- [TASK OBJECTIVE] An exact copy of each line below is needed, with no images in it.

- [GIVEN MATERIAL]

________________________________________

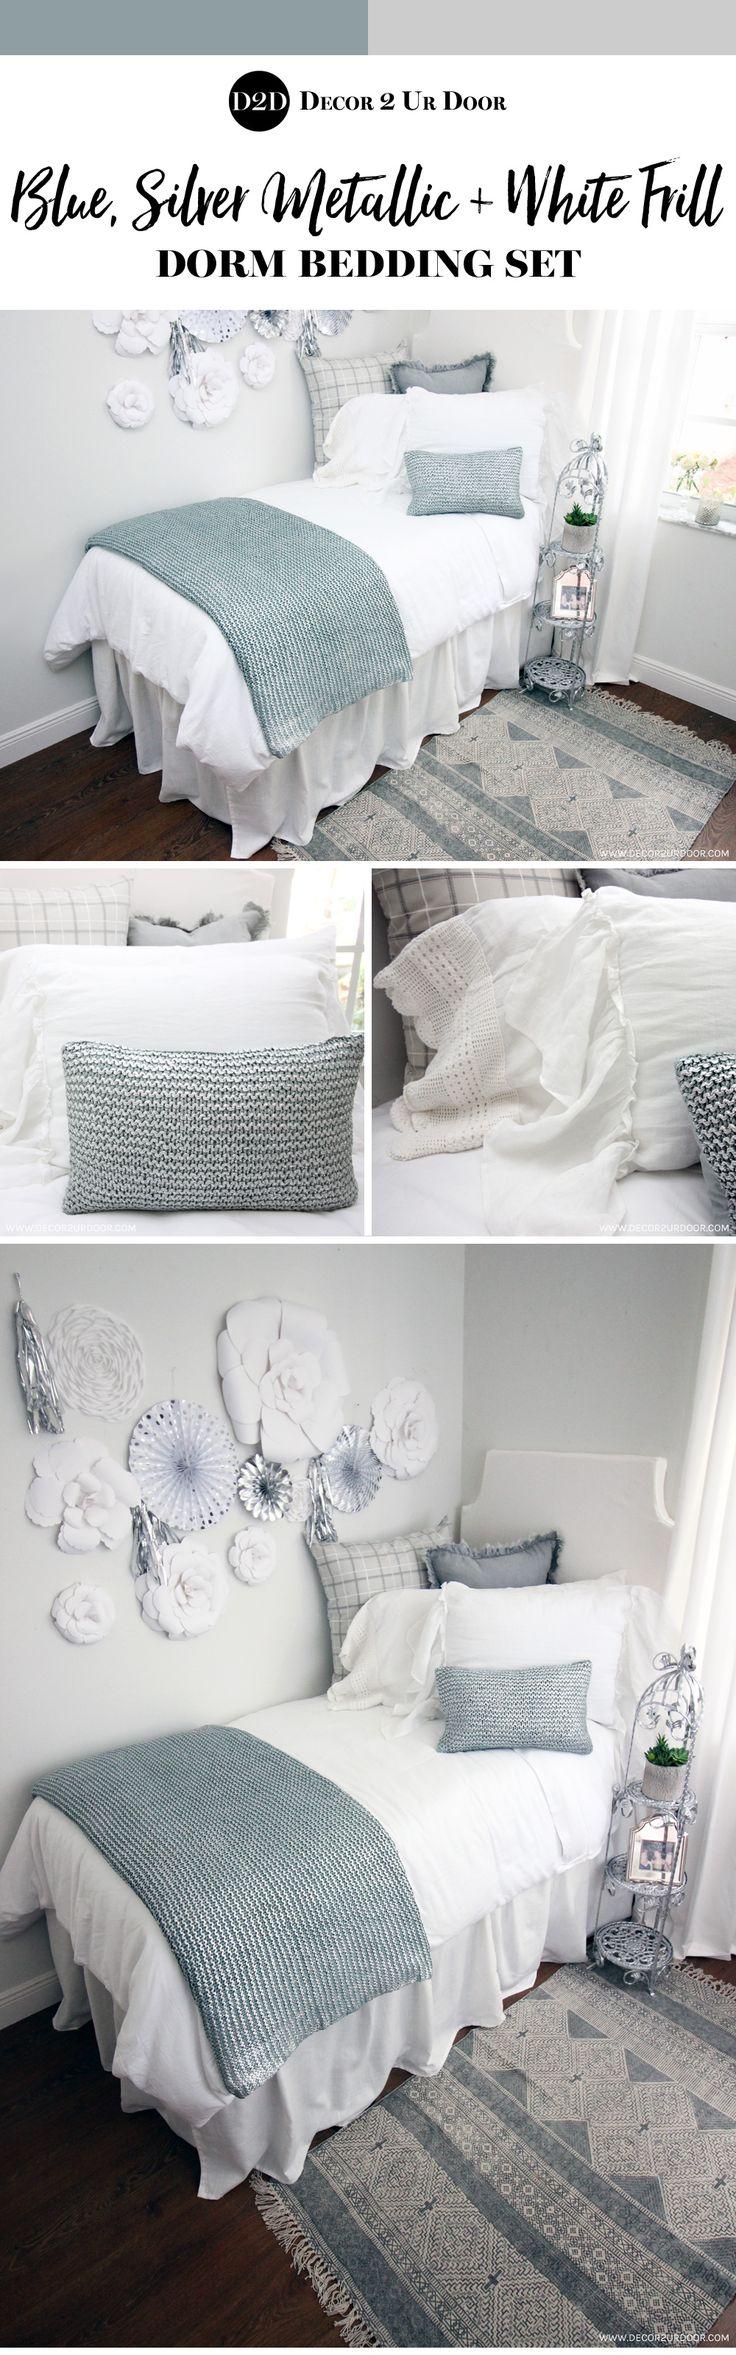 Best 869 Best College Dorm Room Ideas Images On Pinterest 640 x 480
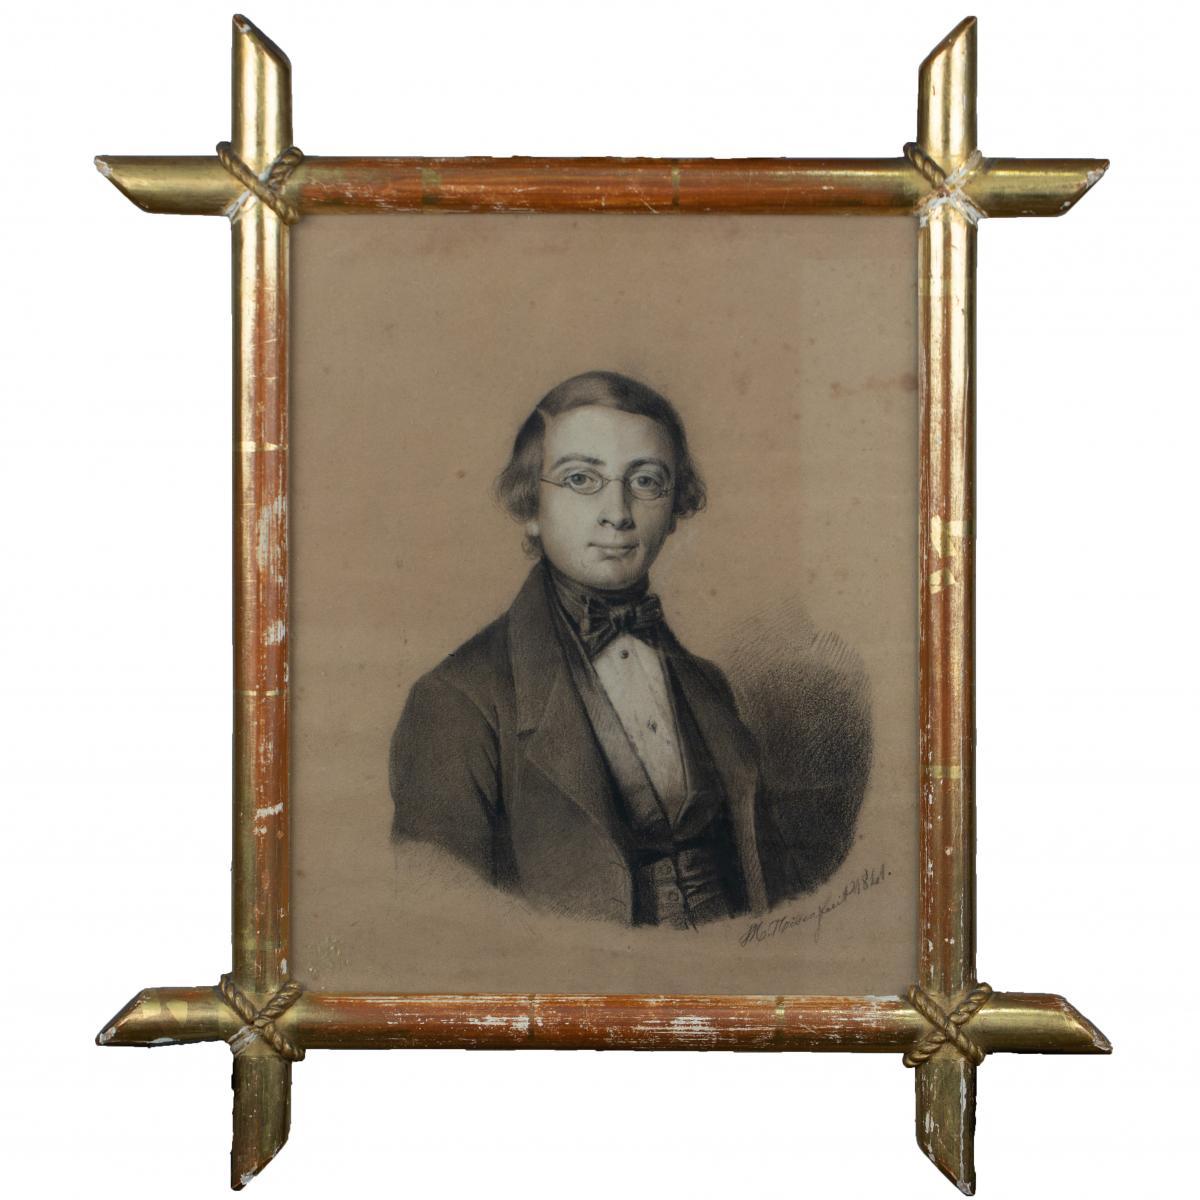 Drawing - Portrait Of Young Man - Jean-mathieu Nisen (francorchamps 1819 - Liege 1885)
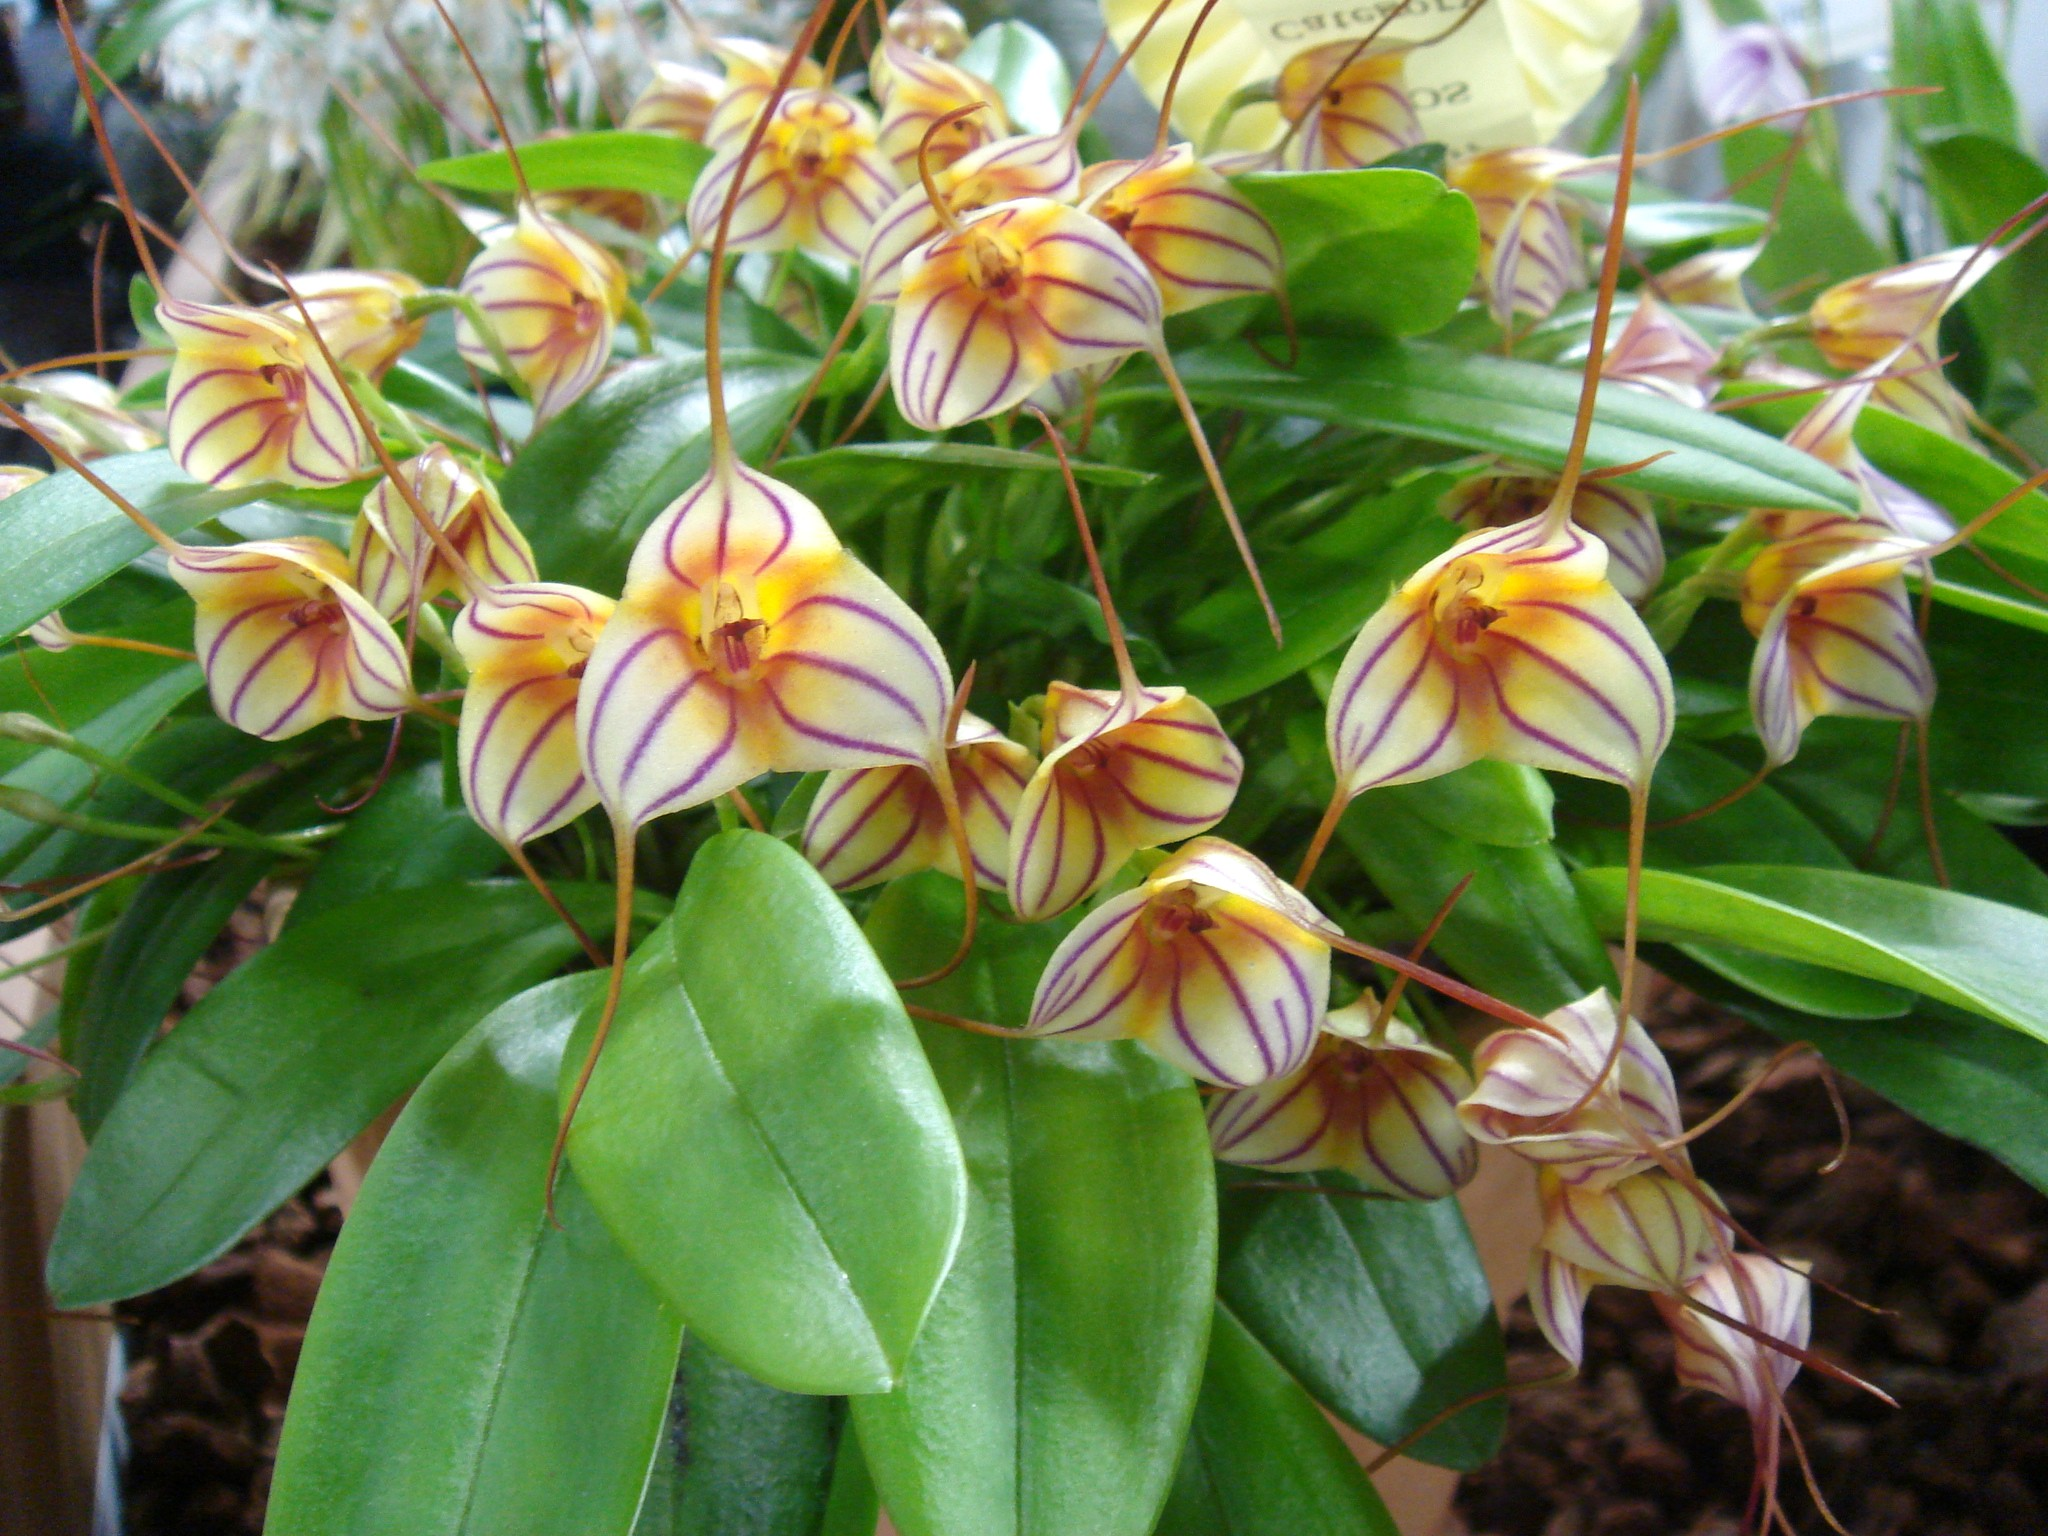 http://hybridorchid.la.coocan.jp/Masdevallia/Masdevallia%20Tuakau%20Candy/DSC06366.JPG

________________________________________

- [RESULT OF THIS EXERCISE]
 Best 869 Best College Dorm Room Ideas Images On Pinterest 640 x 480
 Drawing - Portrait Of Young Man - Jean-mathieu Nisen (francorchamps 1819 - Liege 1885)
 http://hybridorchid.la.coocan.jp/Masdevallia/Masdevallia%20Tuakau%20Candy/DSC06366.JPG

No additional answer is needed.